Eine preislich angepasste Hypothek bietet sowohl dem Käufer als auch dem Kreditgeber Vorteile. Der Eigenheimkäufer kann davon profitieren, seinen Zinssatz während der Laufzeit des Darlehens konstant niedrig zu halten. Diese Niedrigzinskonstanz hilft, die Hypothek in allen Phasen erschwinglich zu machen.

Da der Kreditgeber die erwarteten Inflationssteigerungen nicht im Voraus in die Hypothekenstruktur einbezieht, beginnt der Kreditnehmer mit einem niedrigeren Zinssatz und niedrigeren monatlichen Hypothekenzahlungen als bei vielen herkömmlichen Hypotheken. Außerdem muss sich der Kreditnehmer später nicht mit einem plötzlichen erheblichen Anstieg der Hypothekendarlehen herumschlagen, da der Kreditgeber den Kreditzinssatz nie erhöhen wird.
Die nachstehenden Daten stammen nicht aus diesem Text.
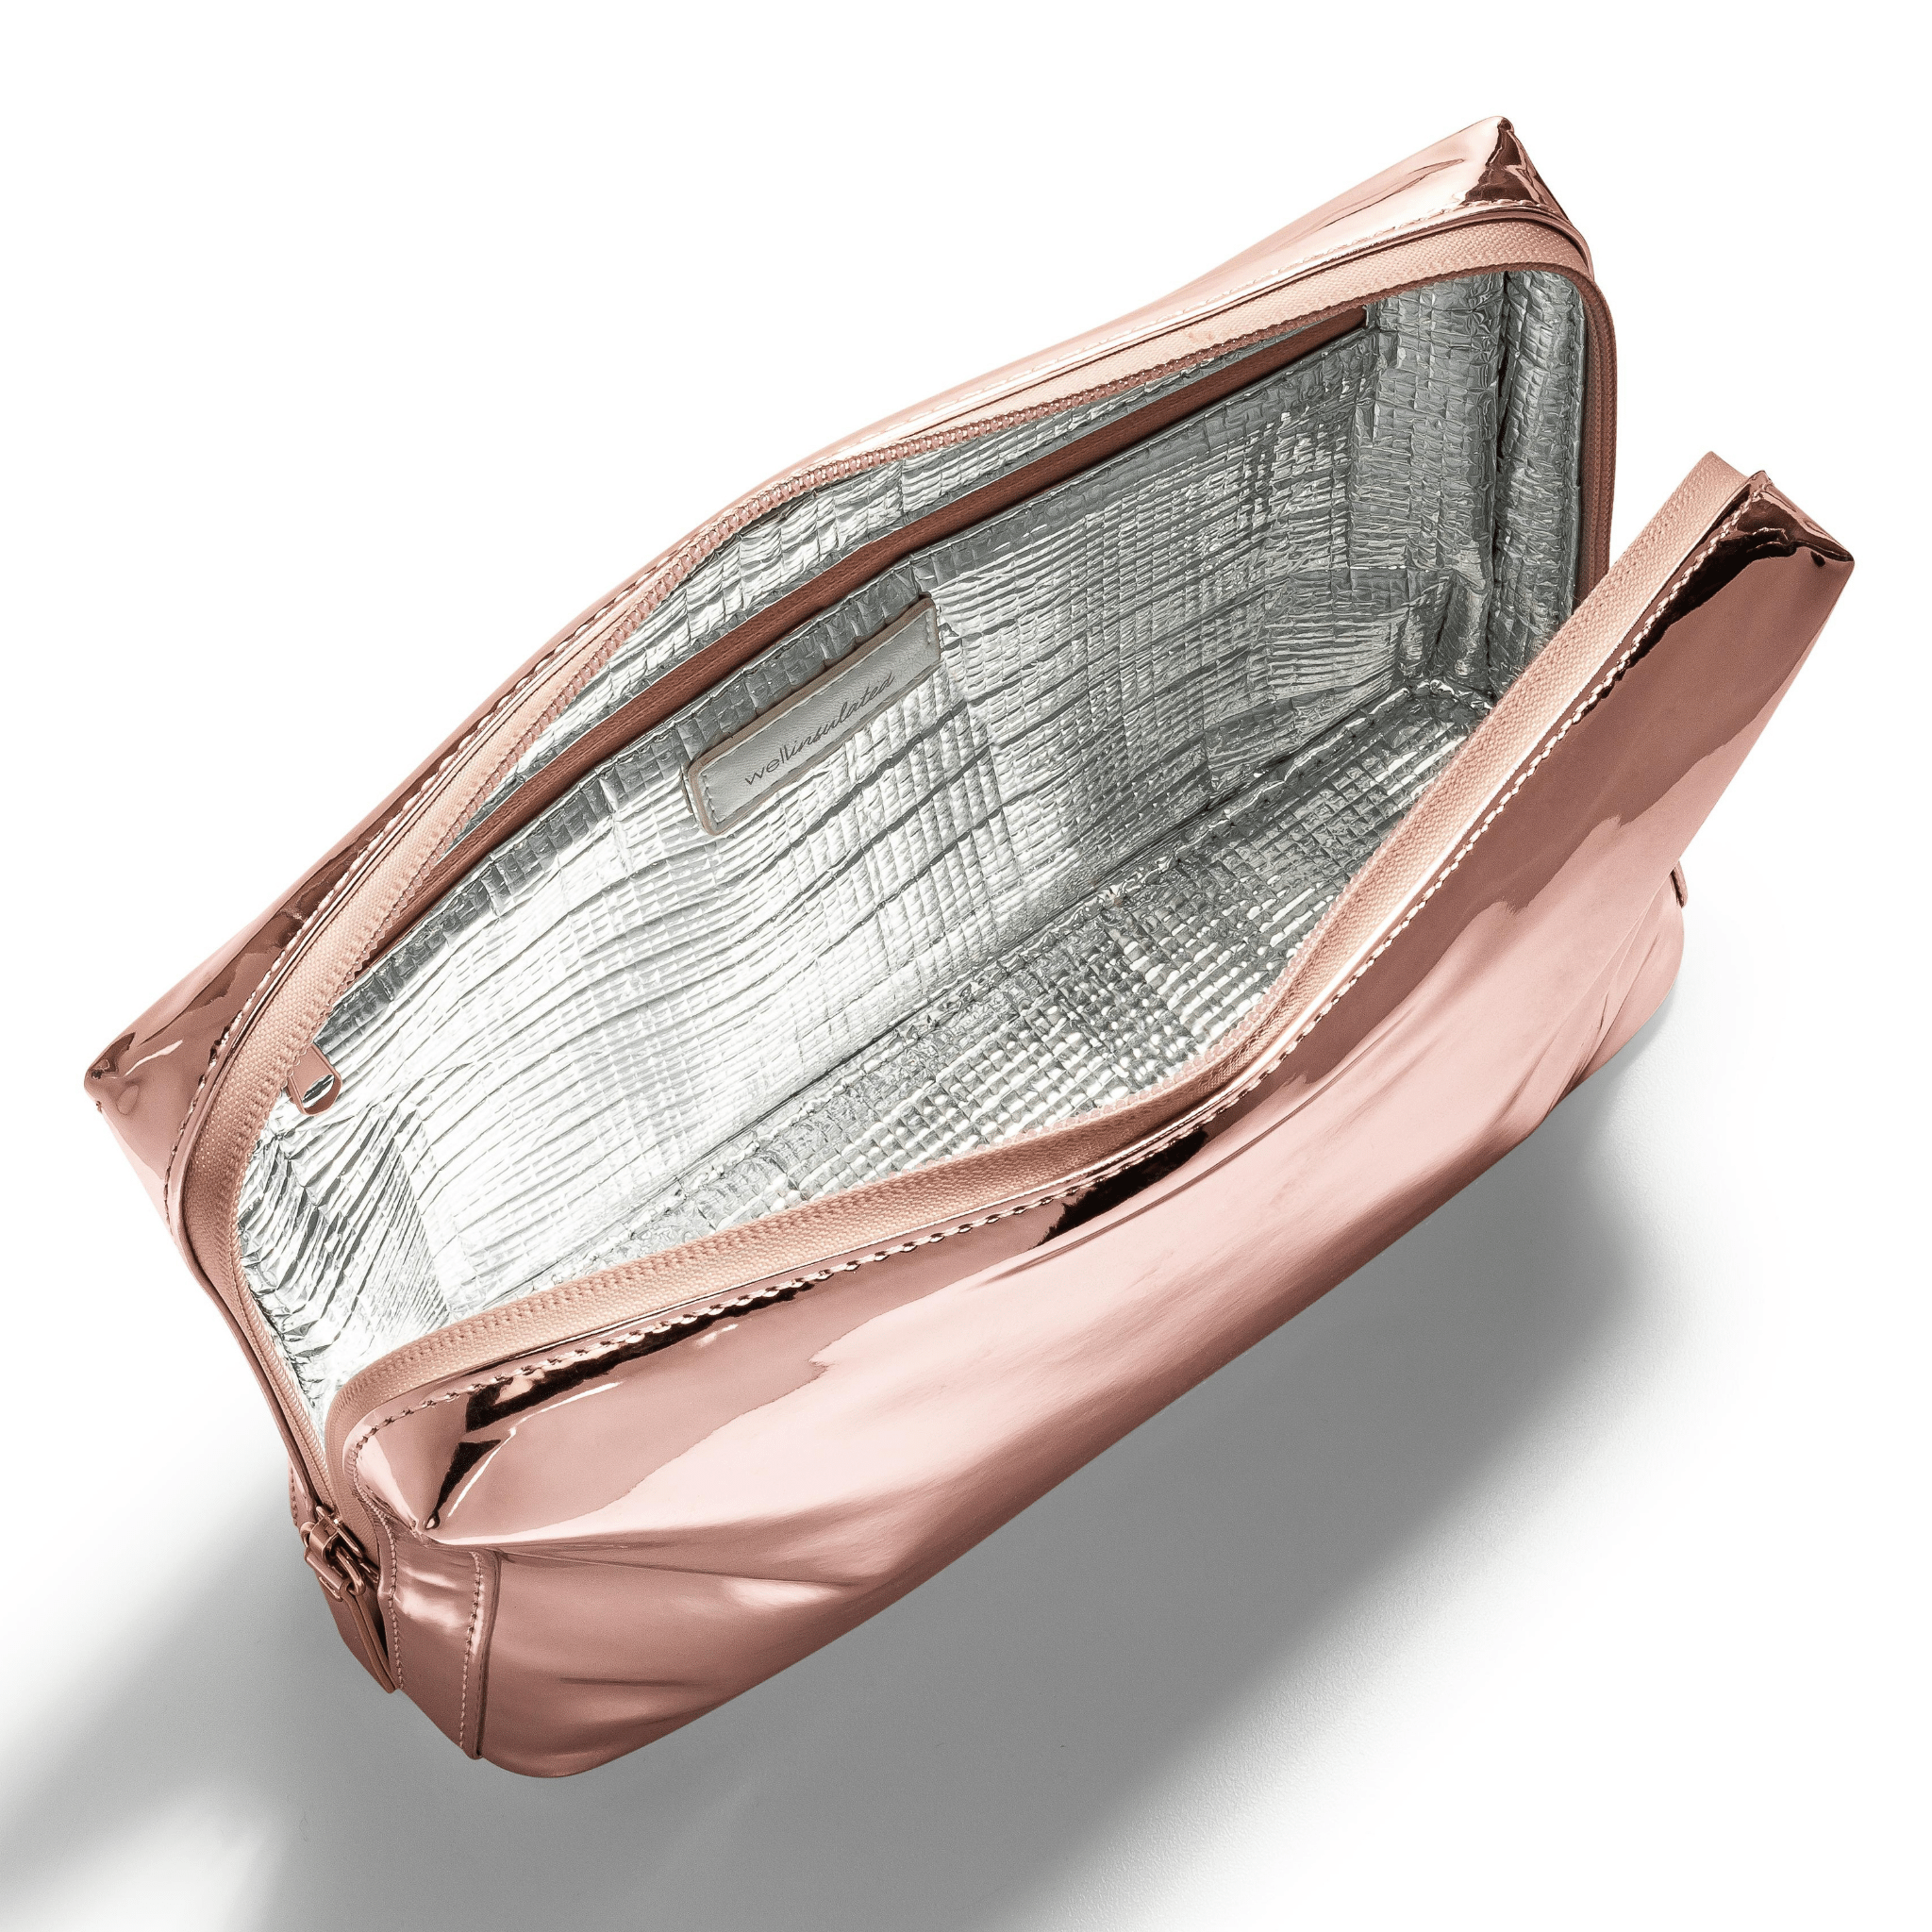 Anatomy Jewelry Bag - E-SHOP - Ready-to-Wear | Maison Schiaparelli

Der Kreditgeber profitiert davon, dass er den Kreditsaldo aufgrund von Inflationssteigerungen erhöhen kann. Im Laufe der Zeit beeinflusst die Inflation praktisch alle Preise in einer Volkswirtschaft. Andernfalls und insbesondere bei Hypotheken, die sich über Jahrzehnte erstrecken, würde die Inflation den Wert der Hypothekenzahlungen, die der Kreditgeber vom Kreditnehmer erhält, langsam untergraben. Wenn der Wert des hypothekarischen Hauses steigt und die Schuldverschreibung unverändert bleibt, sieht der Kreditgeber weniger Gewinn aus dem Darlehen.

Ein Nachteil von PLAMs ist, dass Kreditnehmer weniger vorhersehbare Zahlungen haben. Immer wenn die Inflation den unbezahlten Kapitalbetrag in die Höhe treibt, wird die Bank auch die monatliche Zahlung des Kreditnehmers nach oben revidieren. Diese Änderung bedeutet, dass Hausbesitzer mit einem PLAM während der Laufzeit des Darlehens mit einer geringfügigen monatlichen Erhöhung ihrer Zahlungen rechnen müssen. Variable Hypothekenzahlungen können es Hausbesitzern erschweren, Ausgaben zu planen und zu budgetieren. Aus diesem Grund eignen sich PLAMs weniger für Kreditnehmer, die von einem festen Einkommen leben.